Long Yi menyeringai dan bergerak ke sisi Nalan Ruyue, lalu menatap Nalan Ruyue tanpa berkedip, menyebabkan Nalan Ruyue tersipu hingga ke pangkal telinganya.
“Apa yang kau tatap, menjauh dariku.” Nalan Ruyue dengan cemas berkata, bagaimana mungkin orang ini begitu tidak tahu malu?
“Ruyue, kau benar-benar cantik.” Long Yi tiba-tiba terkesima.
Nalan Ruyue tiba-tiba tercengang dan senyum tipis muncul di wajahnya tetapi menghilang dengan sangat cepat, lalu dia mendengus: “Bagaimana aku bisa dibandingkan dengan Red Lady? Dia lebih menarik bagimu.”

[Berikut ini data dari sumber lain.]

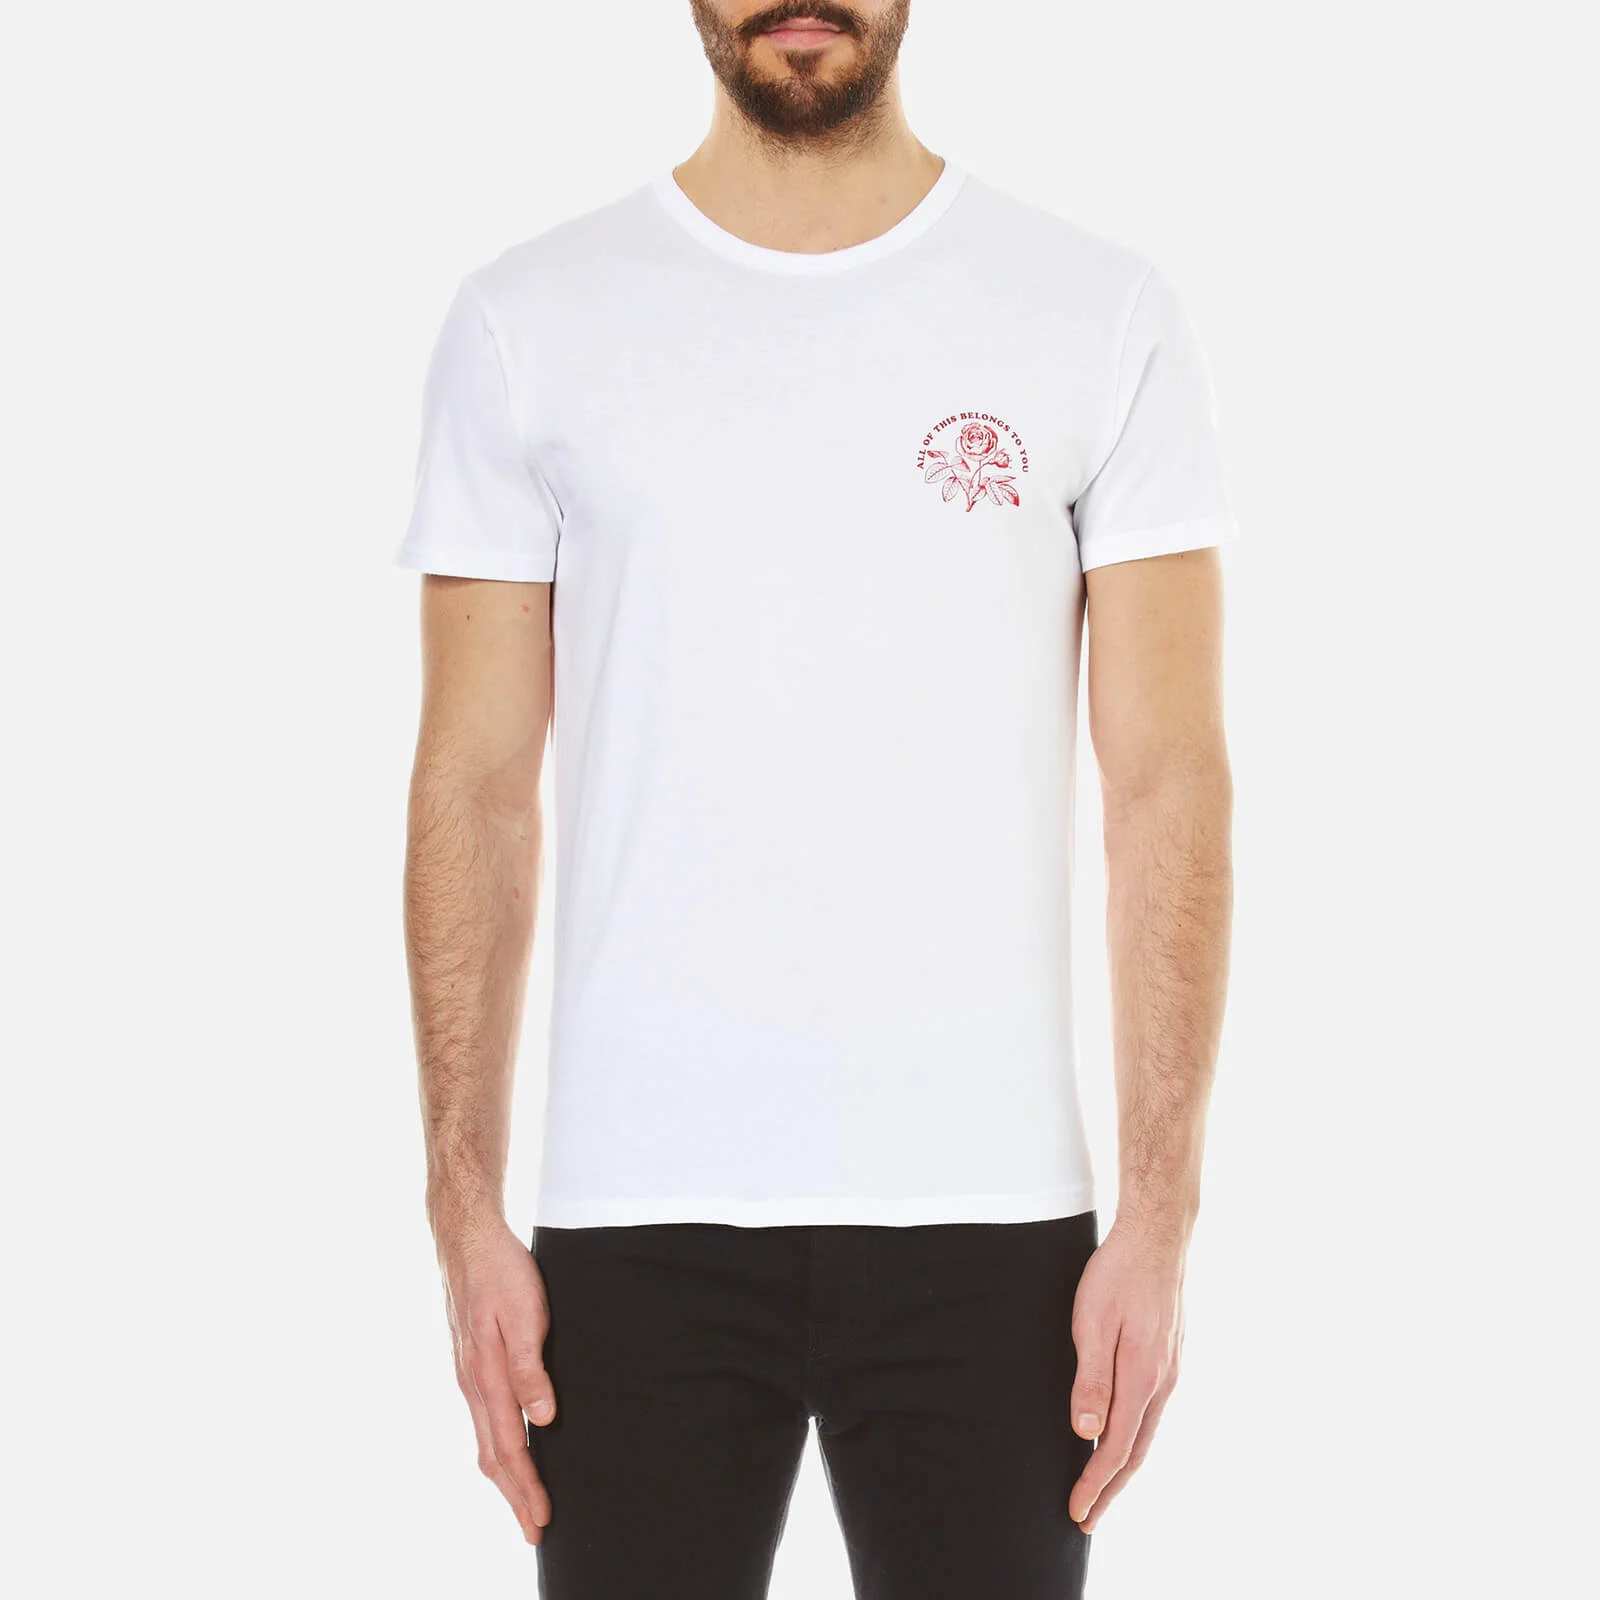 Edwin Men's All of This T-Shirt - White Image 1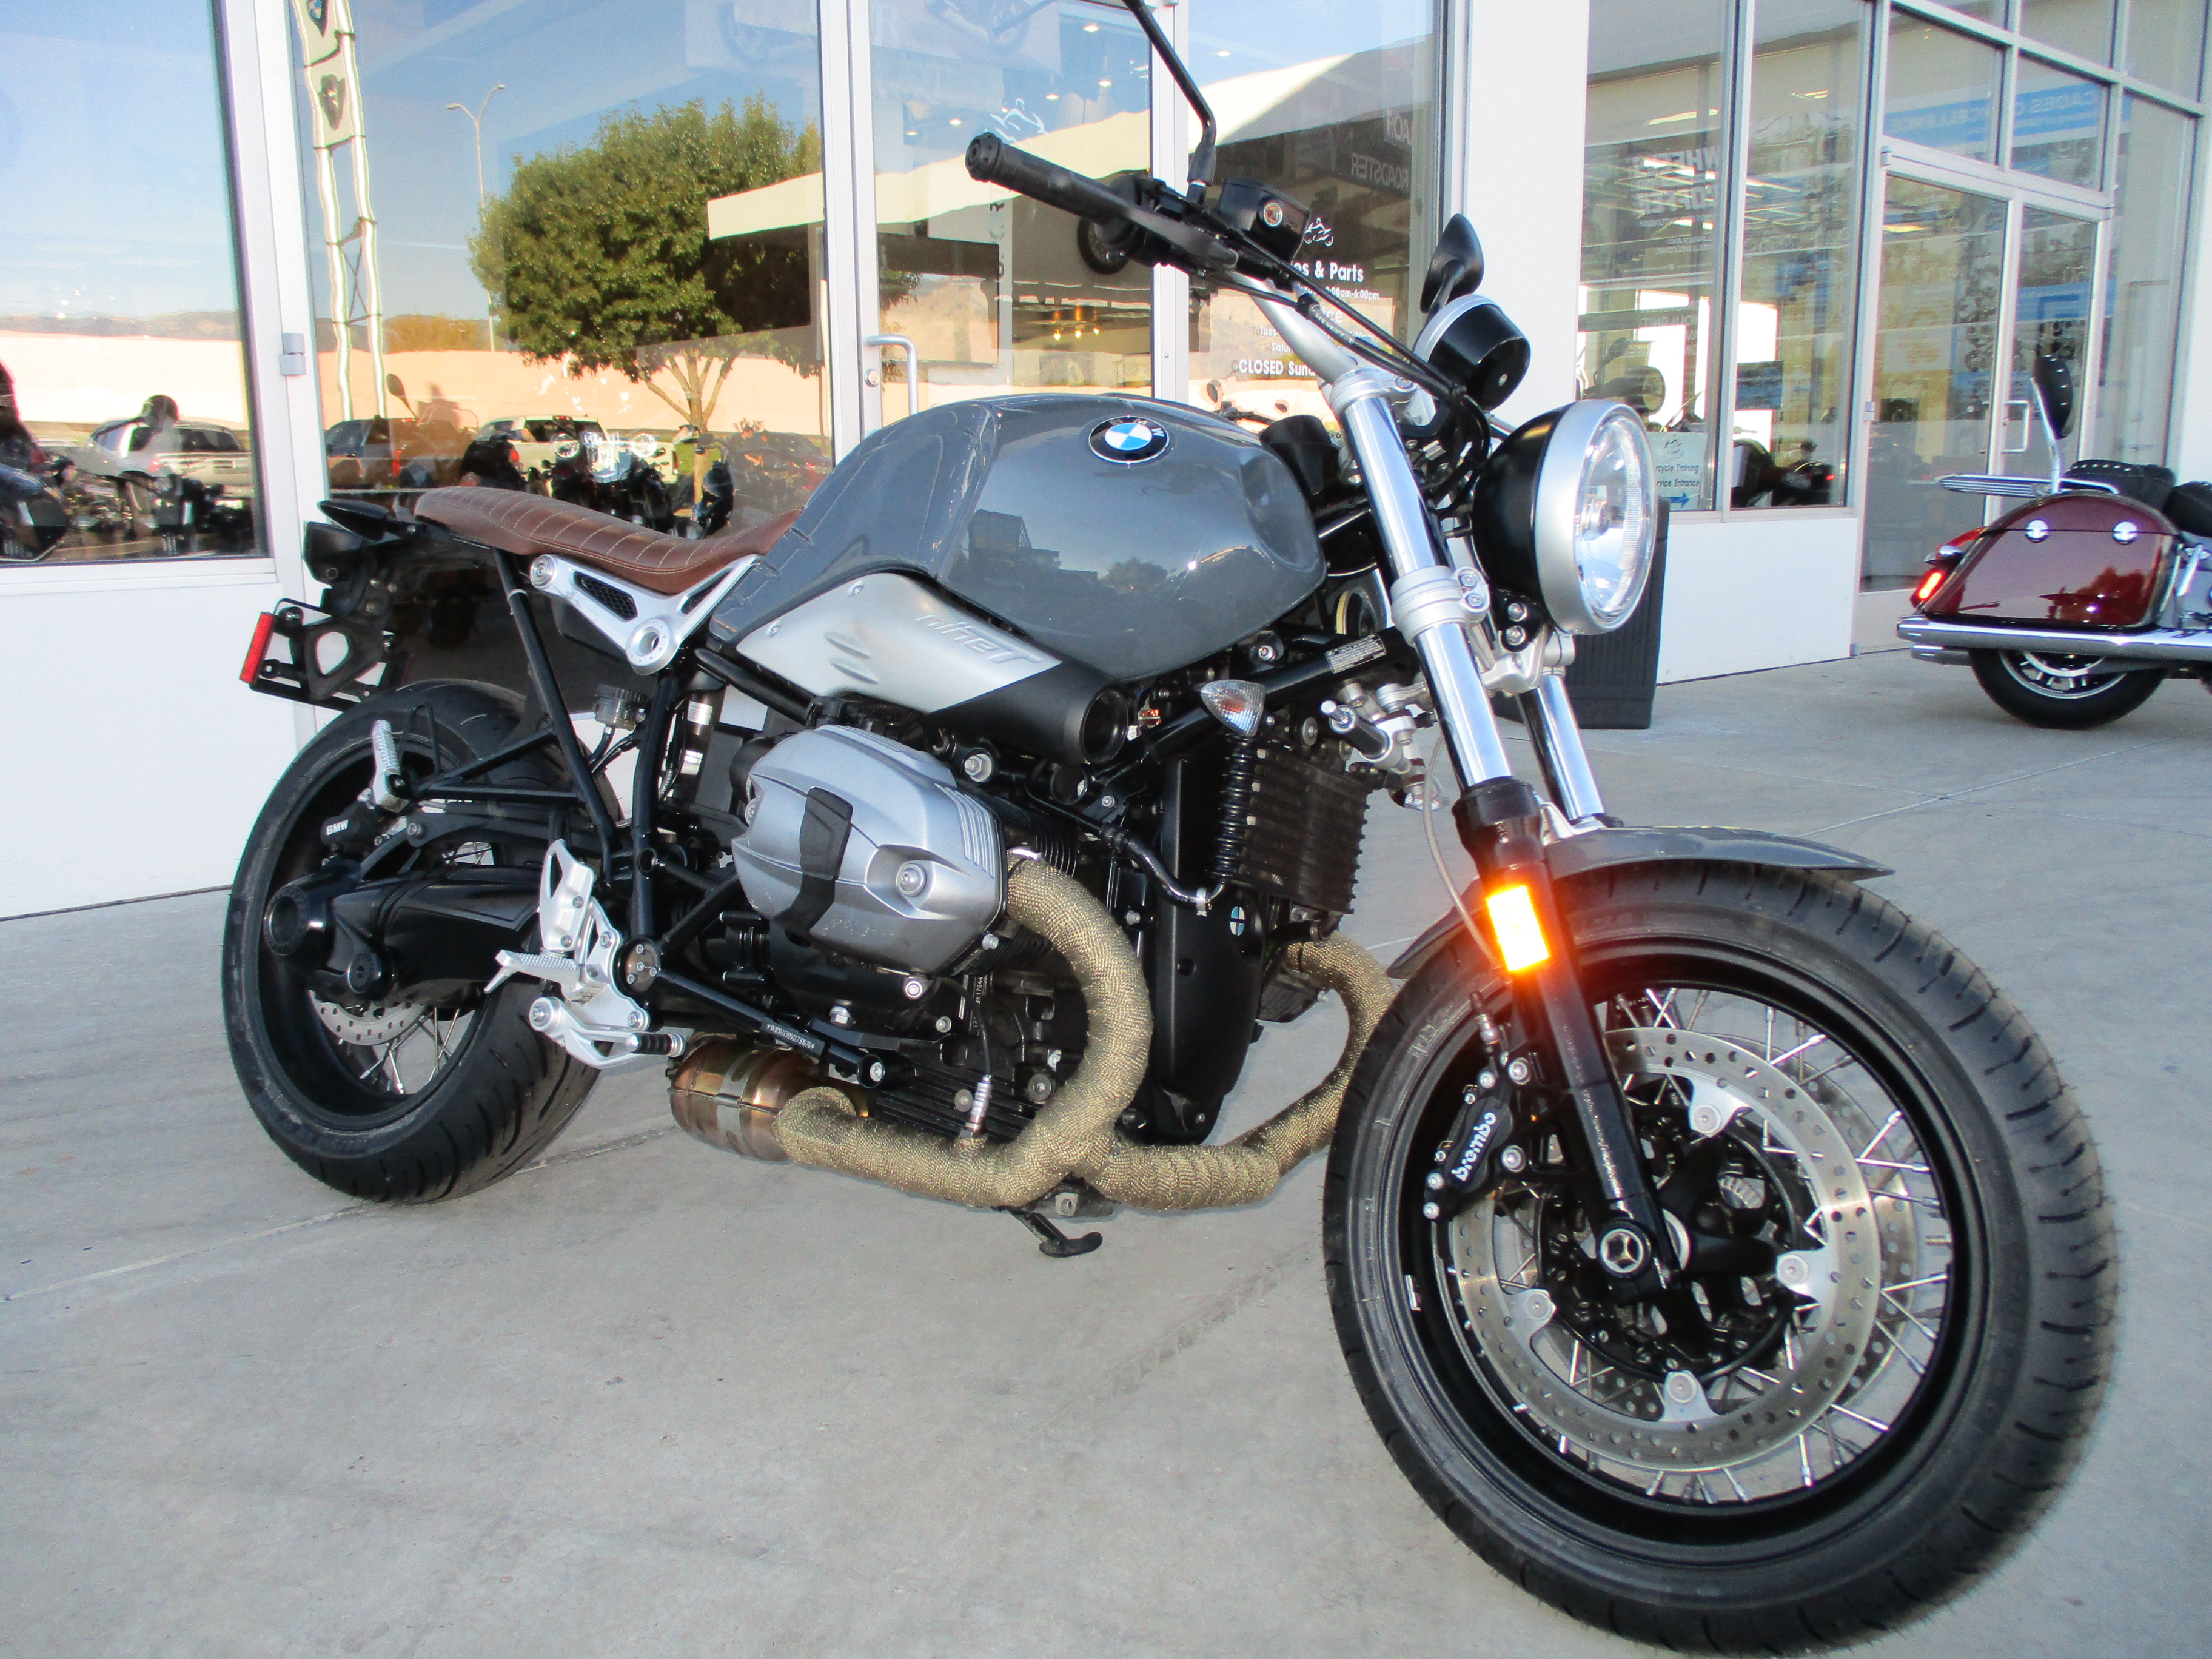 Pre-Owned Motorcycle Inventory - R NINE T PURE - Santa Fe BMW

“Red Lady memang sangat cantik, tetapi menurutku kau bahkan lebih cantik. Ketika aku pertama kali melihatmu di hutan Pegunungan Hengduan, aku terkejut dan mengira kau adalah peri surga yang turun ke dunia fana ini.” Long Yi menatap Nalan Ruyue dengan perasaan lembut dan mengucapkan kata-kata yang menjijikkan.
Ekspresi Nalan Ruyue melunak, dan matanya bersinar dengan kilau yang jernih. Adapun Xiao Cui, dia memegang dadanya, merasakan merinding di sekujur tubuhnya.
“Menantu, jangan bicara lagi, Xiao Cui tidak tahan lagi.” Tepat ketika Long Yi diam-diam merasa senang, Xiao Cui tiba-tiba memohon sambil gemetar.
Nalan Ruyue tiba-tiba tersentak, lalu segera mendorong Long Yi menjauh, dia berkata: “Siapa yang akan percaya omong kosongmu? Lagipula, apakah aku cantik atau tidak, apa hubungannya denganmu?”
Melihat dirinya dikalahkan ketika kemenangan sudah di depan mata, Long Yi dengan enggan mengangkat bahu.
Pada saat itu, kereta yang melaju tiba-tiba berhenti, dan terdengar suara keributan dari depan.
“Ada apa?” Long Yi mengerutkan kening dan melompat keluar dari kereta, tetapi napasnya tiba-tiba terhenti ketika dia melihat tidak jauh di depan, dia melihat selusin orang telah berubah menjadi patung es yang bersinar di bawah sinar matahari.